Conservatism, mental inertia and the “memory of places”

A few months ago, I wrote a post about the attitudes that underlie support for elections and lack of support for or outright rejection of sortition. My main point was that the arguments that are often provided for elections and against sortition should not be taken as being the causes of the positions they purport to justify but rather as rationalizations of those positions. The positions themselves are due to underlying pre-existing attitudes that are usually unacknowledged. Unlike the arguments, which are easily debunked, the attitudes are coherent and rational and provide real and reasonable causes for the observed behavior – a positive view of elections (as an ideal rather than in its actually existing manifestations) and an apathetic or negative view of sortition.

In the post I argued that the most common pro-elections and anti-sortition attitude is “conservatism or mental inertia”. I gave two justifications for this attitude. First, electoralism is the status quo and any radical change involves risk, which people wish to avoid. Second, “becoming a supporter of a fundamental political change involves the adoption of a new radical mindset which is never easy”.

Reading Emmanuel Todd’s 2017 book Où en sommes-nous ? [Where are we now?], I came across the notion of the “memory of places [mémoire des lieux]”. This is the notion that societies maintain certain ideas and habits which are quite persistent despite various changes which these societies undergo. This was reminiscent of “conservatism or mental inertia” and therefore sent me back to look at the post. I soon realized that the “attitude” of “conservatism or mental inertia” is actually rather transparently two separate attitudes, “conservatism” and “mental inertia”, which are quite distinct and quite clearly correspond to the two different justifications provided. Conservatism is clearly associated with the perceived risk which radical change involves, while mental inertia is clearly associated with the effort involved in “the adoption of a new radical mindset”.

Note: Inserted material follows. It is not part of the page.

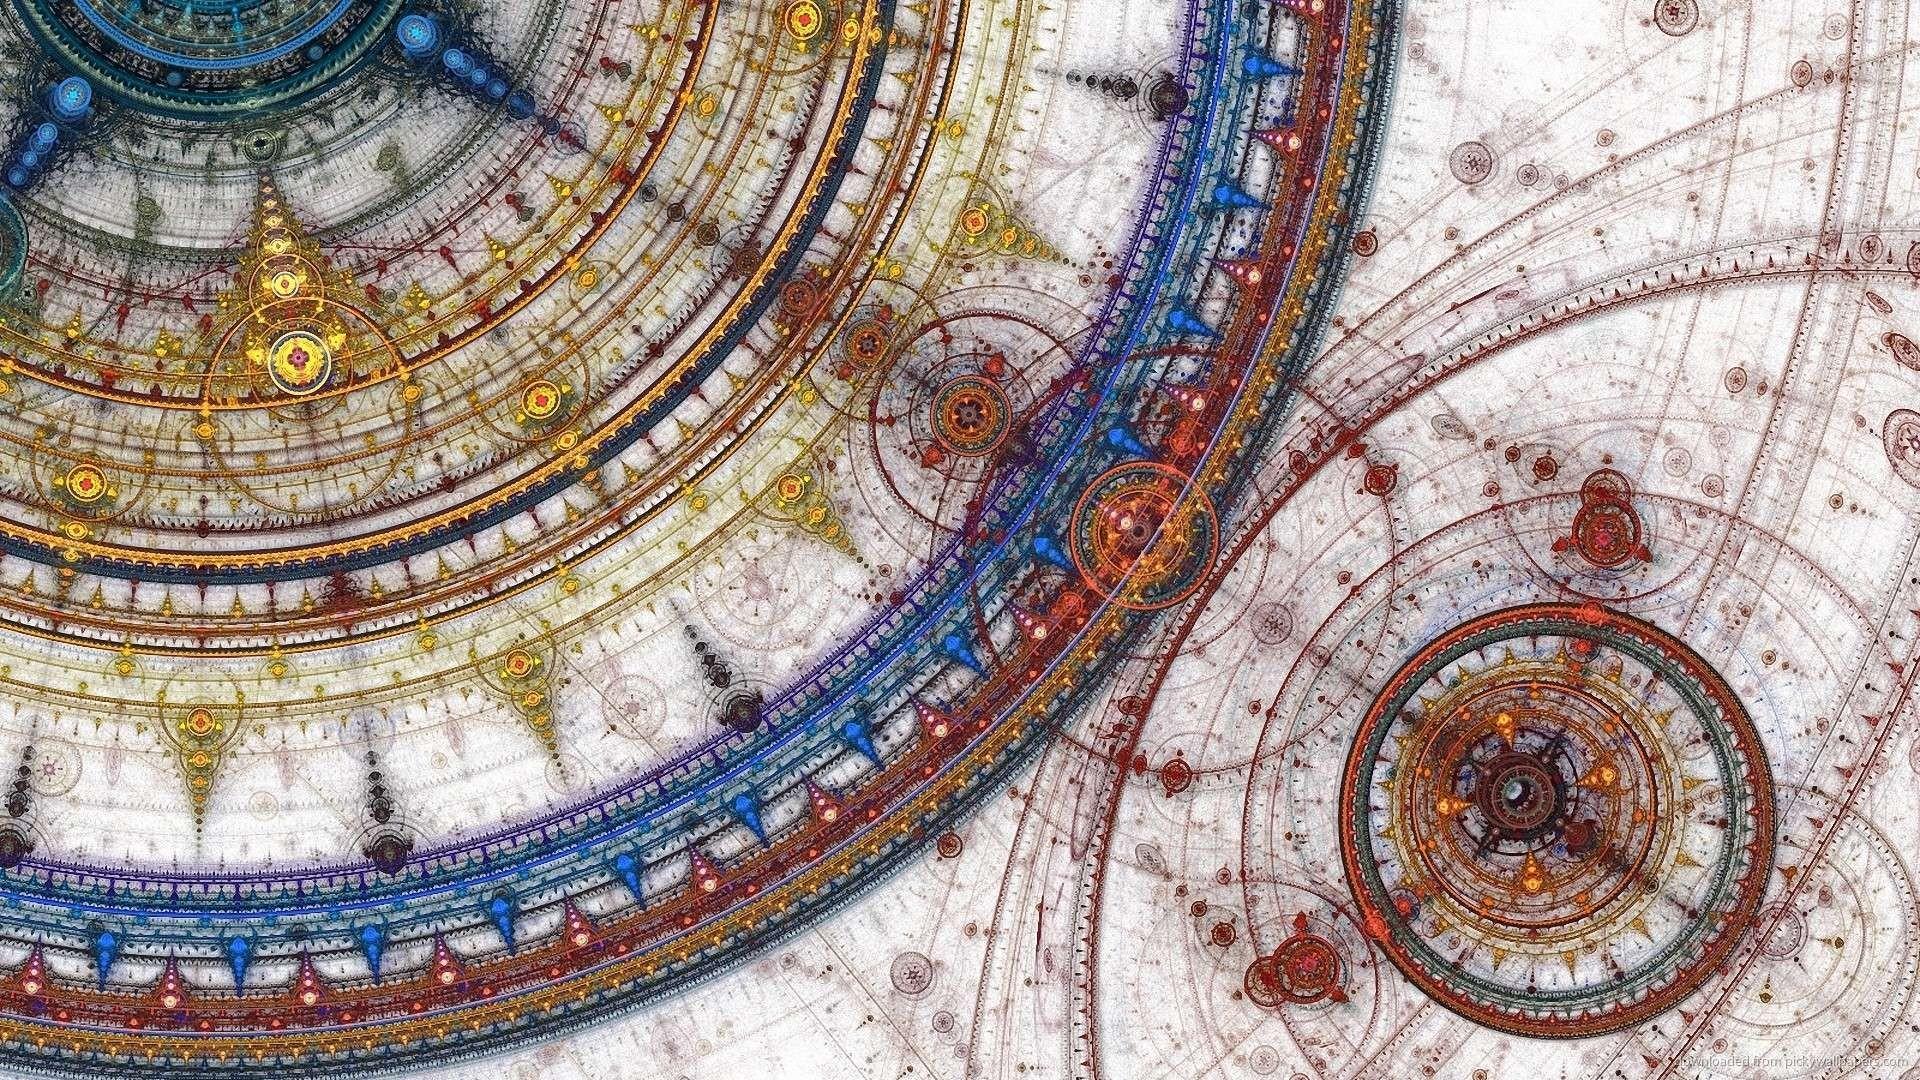 Desktop Wallpaper Art ·① Download Free Wallpapers For

Of the two attitudes, it is seems obvious that conservatism is the less important one and it is mental inertia, the “memory of places”, that is the attitude which is by far the most significant obstacle to the emergence of sortition as a viable competitor to elections. While conservatism, as well as another attitude, elitism, do play, or potentially could play, some non-negligible role in maintaining the status quo, these only enter into play once a rational evaluation of the situation is engaged in. Such engagement can only be made once a challenge to the default dominant mindset is acknowledged. Mental inertia is an obstacle to such an acknowledgement and is therefore a barrier that needs to be removed before any other obstacles are tackled.

Beyond pointing out the existence of the memory of places, Todd offers a mechanism which explains this memory. Todd claims that the fact that memories persists despite waves of immigration into the area where they exist indicates that the memory cannot be due to a strong mental attachment of individuals to the ideas being remembered. If this were the case then the immigrants would not be able to easily absorb the dominant ideas in their destinations. Rather, the attachment at the individual level to the ideas is rather weak, and the ideas persist because they are constantly being reinforced in the daily interactions within the group. Indeed, in some cases one can be convinced in the span of a conversation that a certain idea is false or problematic, while one continues to implicitly adhere to that idea in one’s thinking and with any notion of falsity of or of a problem with the idea soon dissipating. Thus, it is the mere fact that the idea is dominant that preserves its dominance.

It seems to me quite likely that this is exactly the situation with electoralism. The notion that elections are the democratic mechanism to select decision makers is conventional, and while it is easily refutable it persists due to the fact that it is constantly reinforced in our society by the social contacts between individuals and with institutions and the media.

Two points emerge from Todd’s analysis. First, it is not “the effort of adopting a new radical mindset” that is the obstacle to this mindset becoming accepted, but rather the effort of maintaining the radical mindset while immersed in a society where such a mindset is foreign. Having to constantly resist (even if only in one’s own mind) the identification of elections with democracy requires much effort and thus not merely a willingness to doubt this identification but rather a strong commitment to its opposite. Such a strong commitment to an abstract idea, an idea without any practical implications or applications in one’s personal life, is an atypical personal characteristic.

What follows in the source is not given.